This article written by Naotaka Hata, KYOCERA-AVX Corporation provides SMD capacitor technologies benchmark in DC-DC converter applications. This whitepaper outlines the critical distinctions between these various capacitors, the applications that each capacitor type tends to be suitable for, and finishes with a discussion of capacitor requirements as related to DC-DC converters.

Tantalum, polymer, ceramic, film, and aluminum capacitors each offer a different set of operating and performance characteristics.

Choosing the proper capacitor when designing DC-DC converters requires a careful understanding of these differences. High voltage front-end connections to the power source typically rely on aluminum capacitors, while intermediate step-down voltages often look towards the tantalum and ceramic families to take advantage of volumetric efficiency.

The final load decoupling and bypass capacitors are generally found in the ceramic and film families.

Types of SMD Capacitors

Surface mount (SMD) capacitors can be constructed using several different technologies to achieve a range of voltage tolerance, bulk capacitance, and parasitic device characteristics. As shown in Figure 1, these technologies can be roughly broken down between ceramic, film, tantalum electrolytic, and aluminum electrolytic with varying degrees of application overlap.

It is the job of the circuit designer to select from these capacitor families for a particular application, keeping in mind that multiple capacitors can be combined in series or parallel to achieve their goals. These goals may also include environmental performance, reliability benchmarks, and physical form-factor attributes.

Figure 1: Capacitor technologies landscape based on voltage and bulk capacitance

Ceramic Capacitors

Multilayer ceramic capacitors (MLCC) have many advantages in modern electronic design, including small size, high withstand voltage, and long service life. They have become the first choice of engineers for most common bulk capacitance needs, including precision filters, resonators, power supply bypass devices, and decoupling elements.
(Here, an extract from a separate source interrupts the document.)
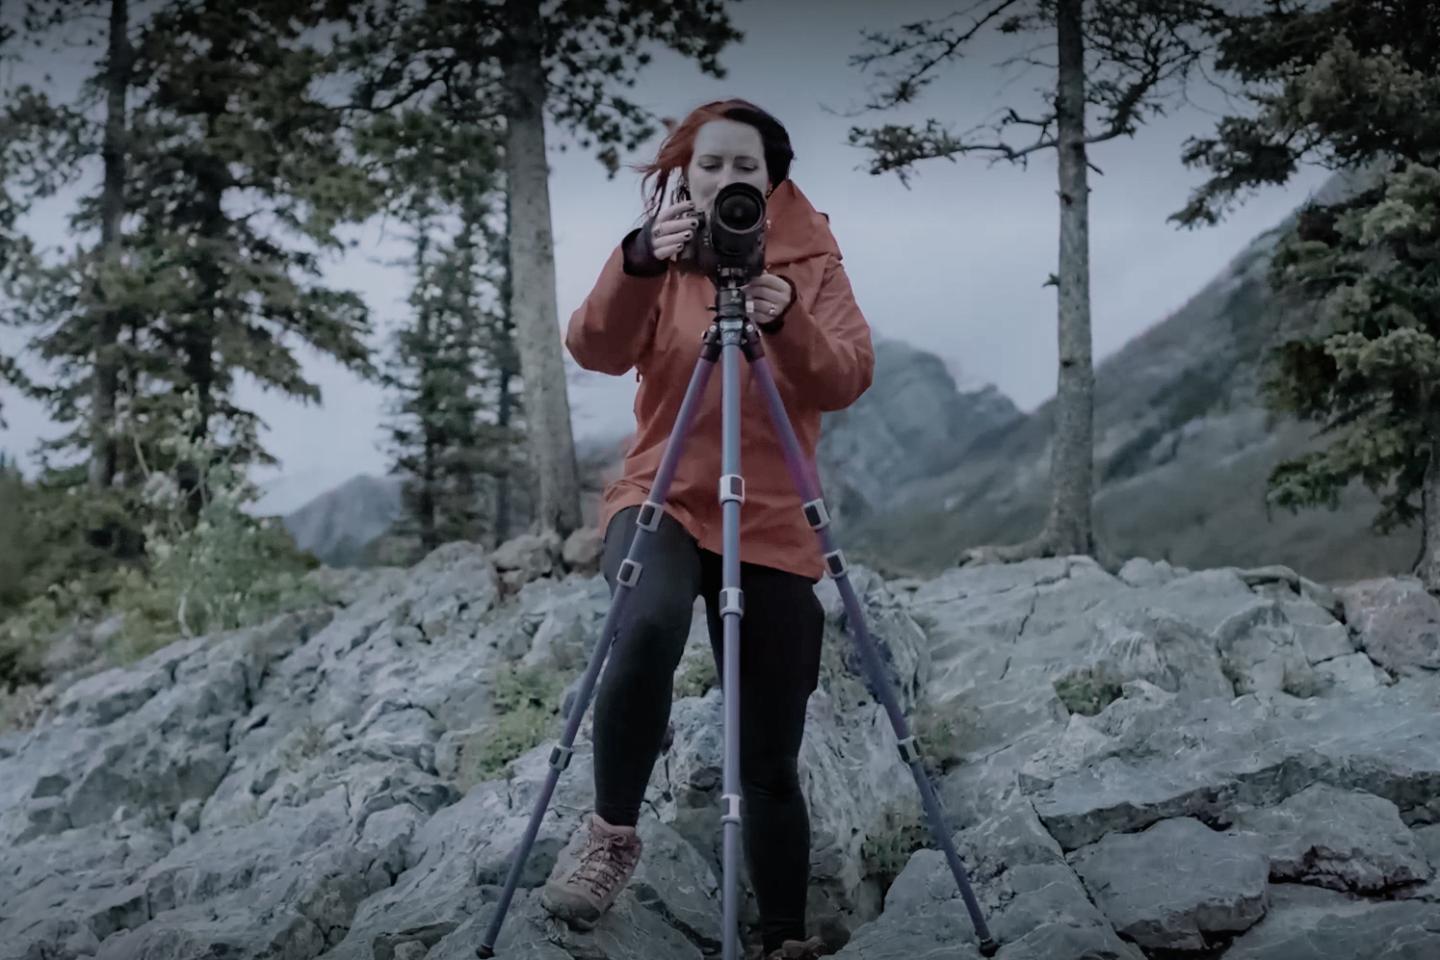 Image of woman wearing a red coat taking a photo using a camera on a tripod, with rocks, trees and mountains in the background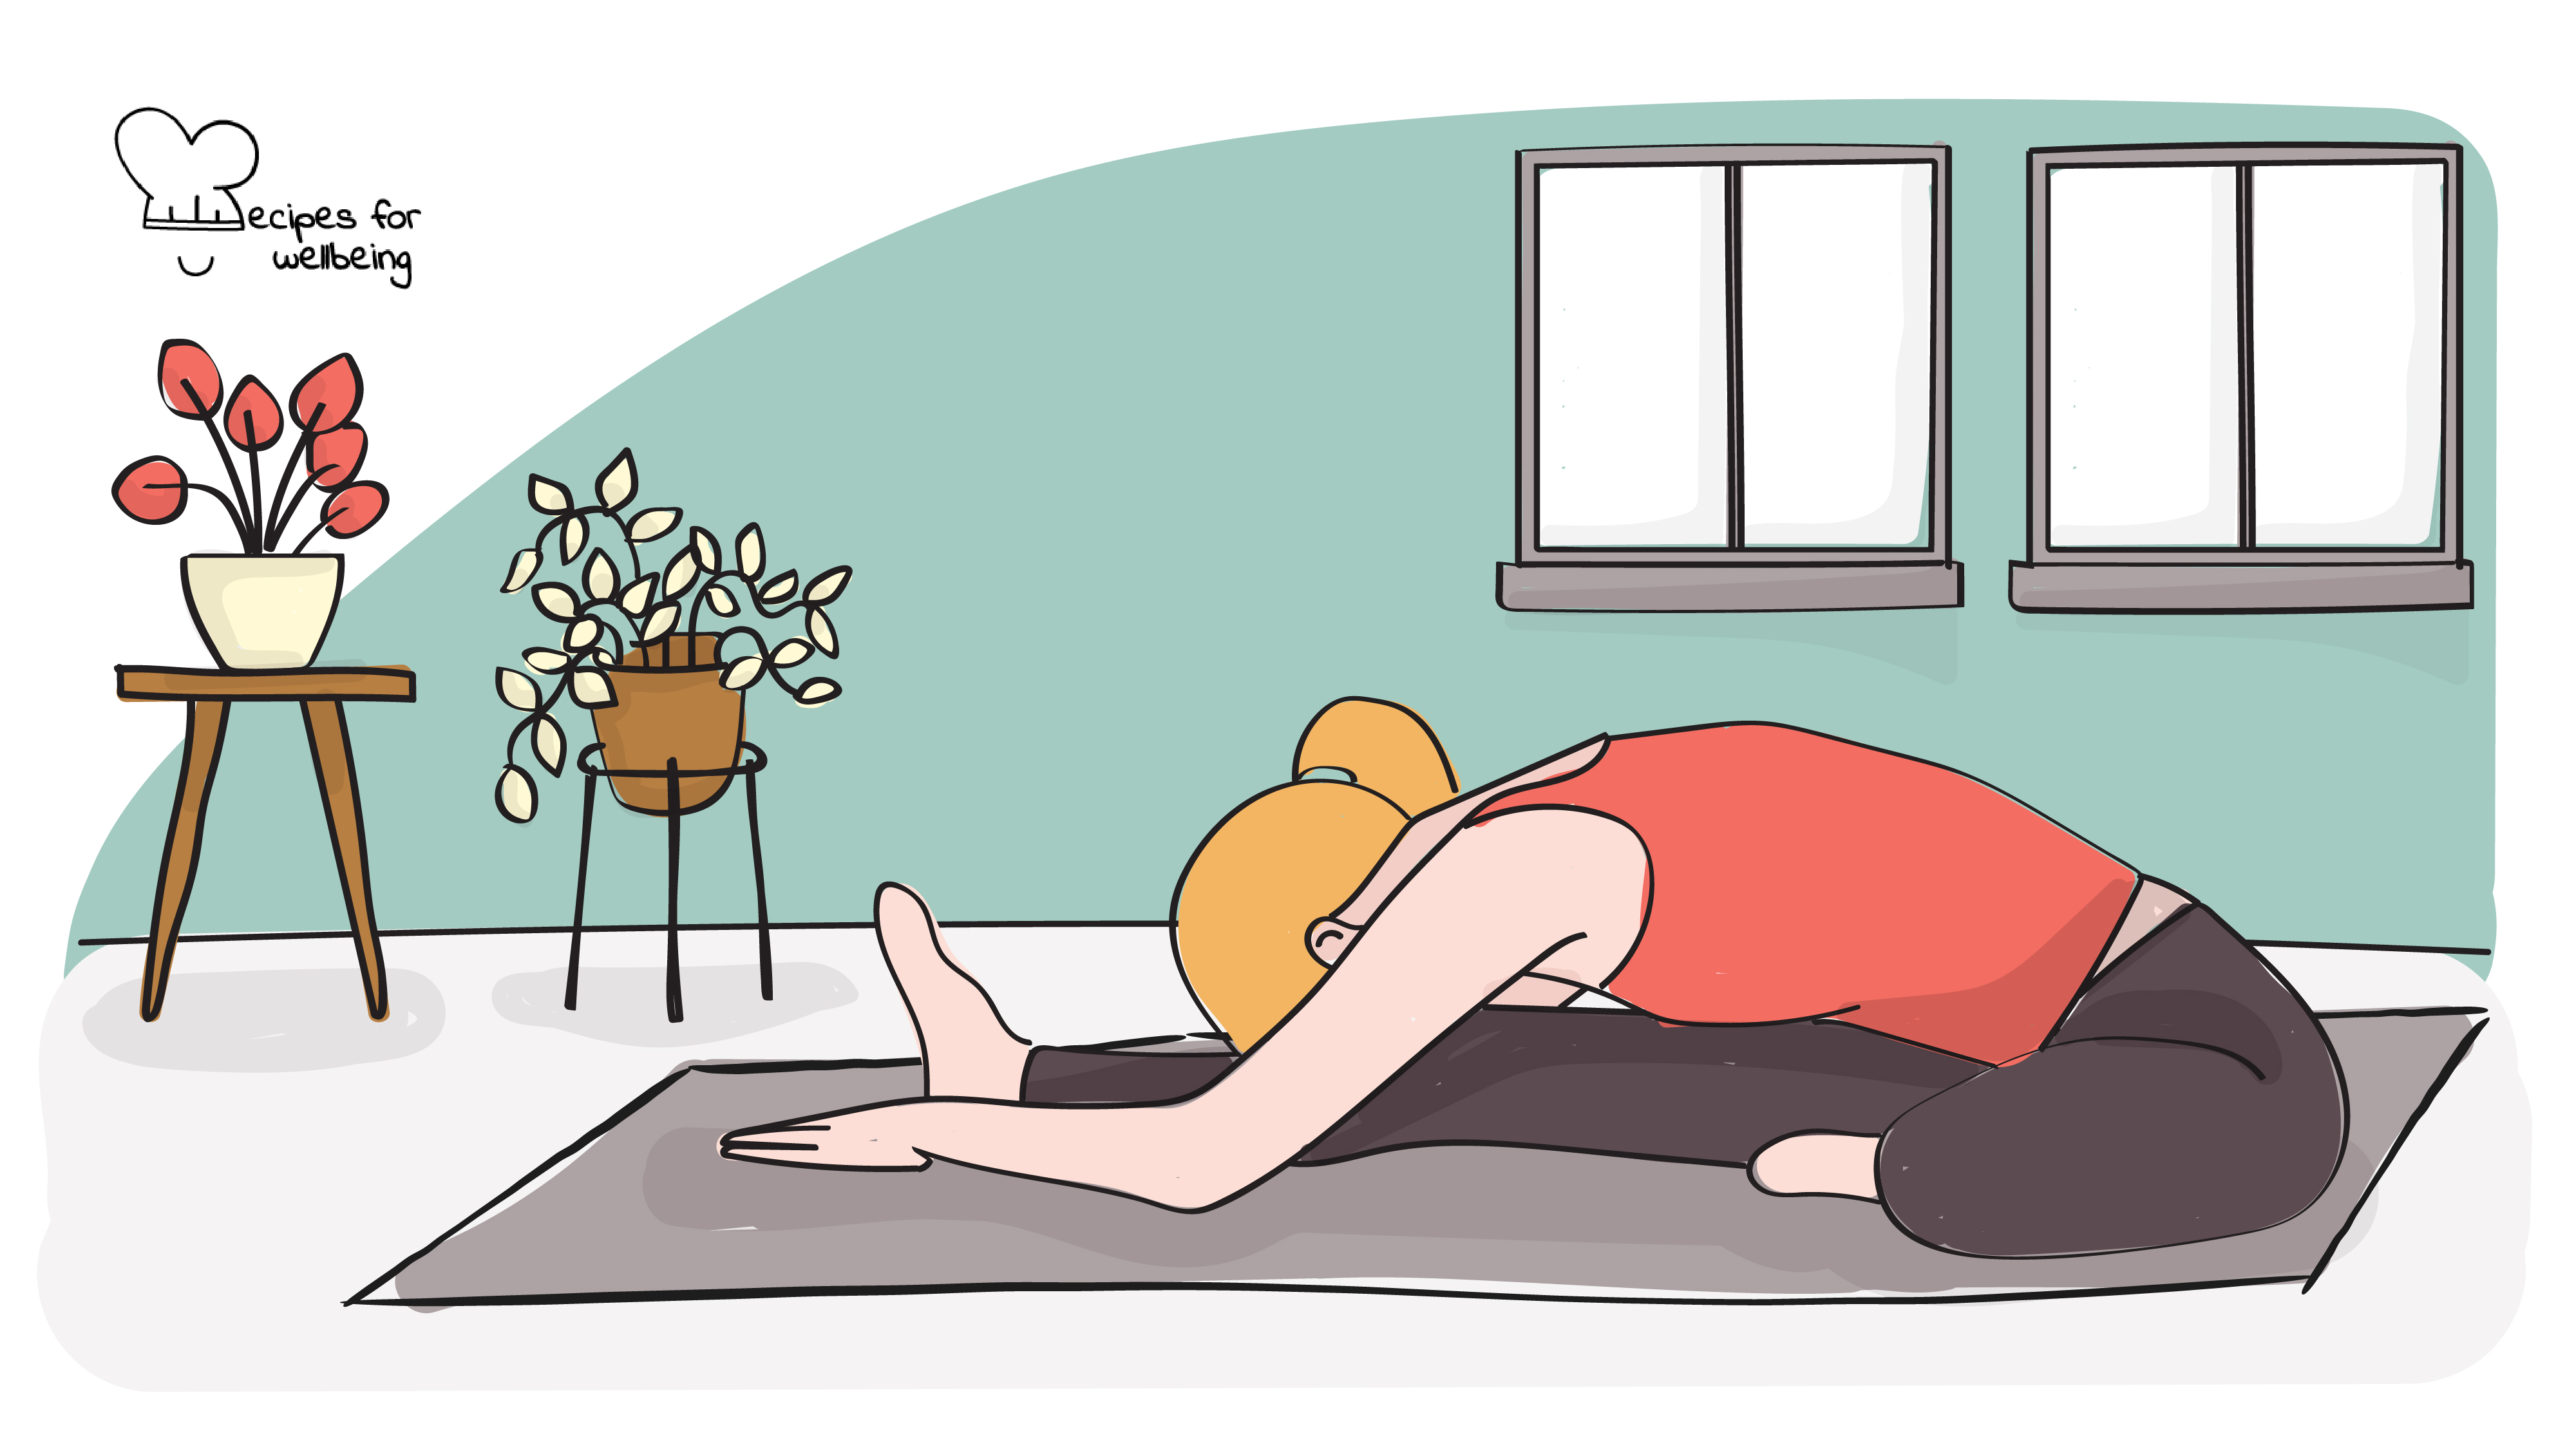 Illustration of a person in Janusirsasana. © Recipes for Wellbeing

KYOCERA AVX offers a broad range of SMD ceramic capacitors, including the unique Flexiterm and Flexisafe technologies for enhanced safety and reliability.

Film Capacitors

Film capacitors came of age due to advancements in the polymer industry that enabled the metallization of thin plastic dielectrics. These capacitors can be divided into several families based on their application power requirements. On the low end of the spectrum, small surface mount chip capacitors are available in three common dielectrics: metalized Polyethylene Naphtalate (PEN), metalized Polyethylene Terephtalate (PET-HT), and metalized polyphenylene sulfide (PPS). These devices have become ubiquitous on PCBs for various functions, including decoupling, smoothing, filtering, and impedance matching. KYOCERA AVX offers SMD film capacitors with superior features such as high voltage withstanding, low ESR, and no DC bias dependency.

Tantalum Capacitors

Tantalum capacitors are regarded highly in the electrolytic family for their large capacitance per unit volume and generally stable operating parameters. They exhibit self-healing properties and typically provide low electrical series resistance (ESR) with favorable AC impedance characteristics. For these reasons, the two primary applications of tantalum capacitors in circuit design have been as high capacity energy storage elements and as ripple filtering components in power supplies. KYOCERA AVX has been the leading supplier of tantalum capacitors for many years. Their portfolio covers various applications and markets and provides the highest capacitance for limited space (area/height) applications.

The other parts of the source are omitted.